When third party does not know the position of the partner incapacitating him to make the deal but the party is presumed to know such fact because of it being an open fact about LLP being mentioned in the documents registered with the Registrar which are accessible for public inspection - in this position, an LLP may not be held liable (a detailed discussion in this regard is made below)

When third party does not know the position of the partner incapacitating him to make the deal and the party is not in a position to know such fact about LLP, for example where a partner cesses his interest from partnership and proper public notice has not been made in this regard and third person dealing with such former partner thinking that he is acting on behalf of the firm - in this position, the LLP may be held liable for the acts of such partner

Section 36 of the LLP Act, 2008 provides the provision for public inspection of incorporation document and other specified records of an LLP. These being open to public for inspection, it may be presumed that the person dealing with an LLP or a partner thereof has knowledge of the facts mentioned in these documents (though the person may not have read these documents on his part).

LLP Liable for Acts of Partners [Section 27(2)]

This sub-section elaborates on the fact that given the position that an LLP is liable for the acts of its partners done in the course of business, this liability would exist even in a situation where  a partner thereof commits a wrongful act or omission in the course of the business or with the authority of LLP. The personal liability of the partner in this regard would also exist and the liability of the partner and the LLP would be to the same extent.

Thus, the point is that the LLP would remain liable even for wrongful acts of its partners for the acts done in the course of business within the authority given by the LLP.

Obligation of LLP [Section 27(3) & (4)]

Whenever a partner acts for an LLP in the course of business, an obligation whether arising in contract or otherwise, is solely the obligation of the LLP which is to be met out of its property.
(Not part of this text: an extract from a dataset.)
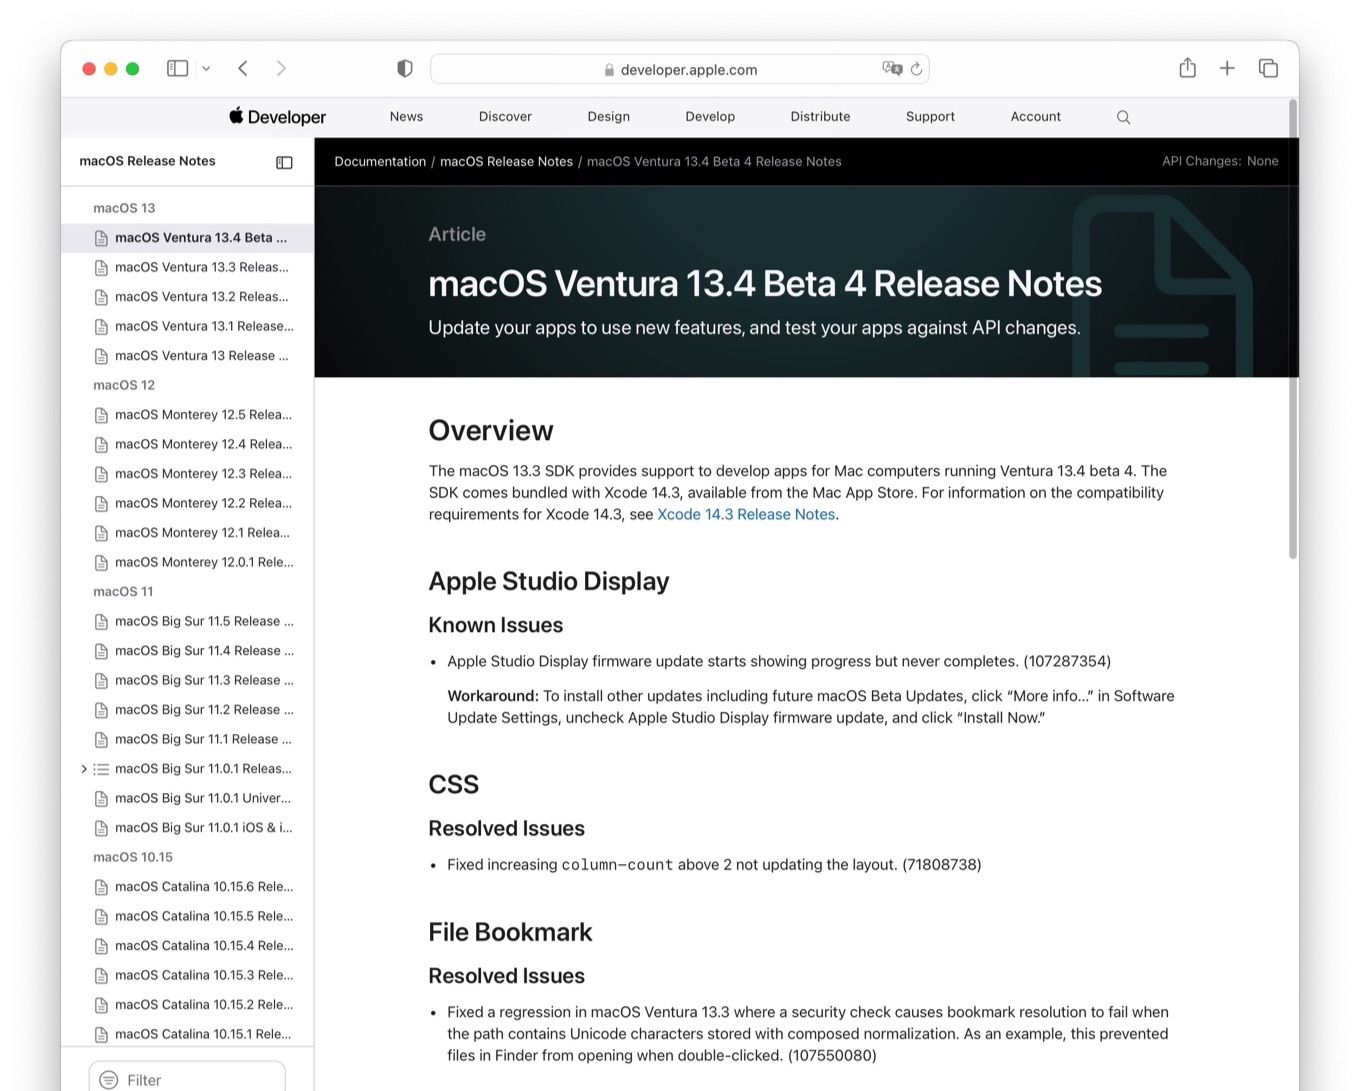 macOS Ventura 13.4 Beta 4 Release Notes

However, the LLP shall not be bound by anything done by a partner in dealing with a person if that partner has no authority to act for LLP in doing a particular act and the person with whom he is dealing also knows that the partner has no authority for such act and to provide that an obligation of LLP.

From the above it can be inferred that -

An LLP is liable for the acts of its partners if done in course of business and within its authority.

The liability may arise on any account - contractual or otherwise

The liability is to be met out of the property of LLP

An LLP is liable for the acts of its partners if done in course of business and within its authority. Every partner of an LLP is considered in law to be an agent of the LLP, and as such may represent and act on behalf of the LLP in all its business. But as an agent, a partner can make the principal legally responsible for his acts only when he is authorized by the principal (LLP) to act that way. To know the extent to which a principal can be liable for the acts of an agent, it is required to know all dimensions of the agent's authority.

The obligation of LLP is to be met out of partnership property. An LLP is a separate legal entity and is capable of holding, acquiring or disposing off its own property. However, the expression partnership property has not been defined in the Act. As a contract a general partnership is not a separate legal entity but the Partnership Act, 1932, under Section 14 thereof provides that the property of the firm shall in the absence of a contract to the contrary shall include - "all property and rights and interests in property originally brought into the stock of the firm, or acquired, by purchase or otherwise, by or for the firm, or for the purposes and in the course of the business of the firm, and includes also the goodwill of the business. Unless the contrary intention appears, property and rights and interests in property acquired with money belonging to the firm are deemed to have been acquired for the firm."

Though Section 3 of the LLP Act specifically provides that the Partnership Act, 1932 will not apply in to LLPs in default, however, the definition of partnership property under the said Act gives a broad idea as to the substance of the property.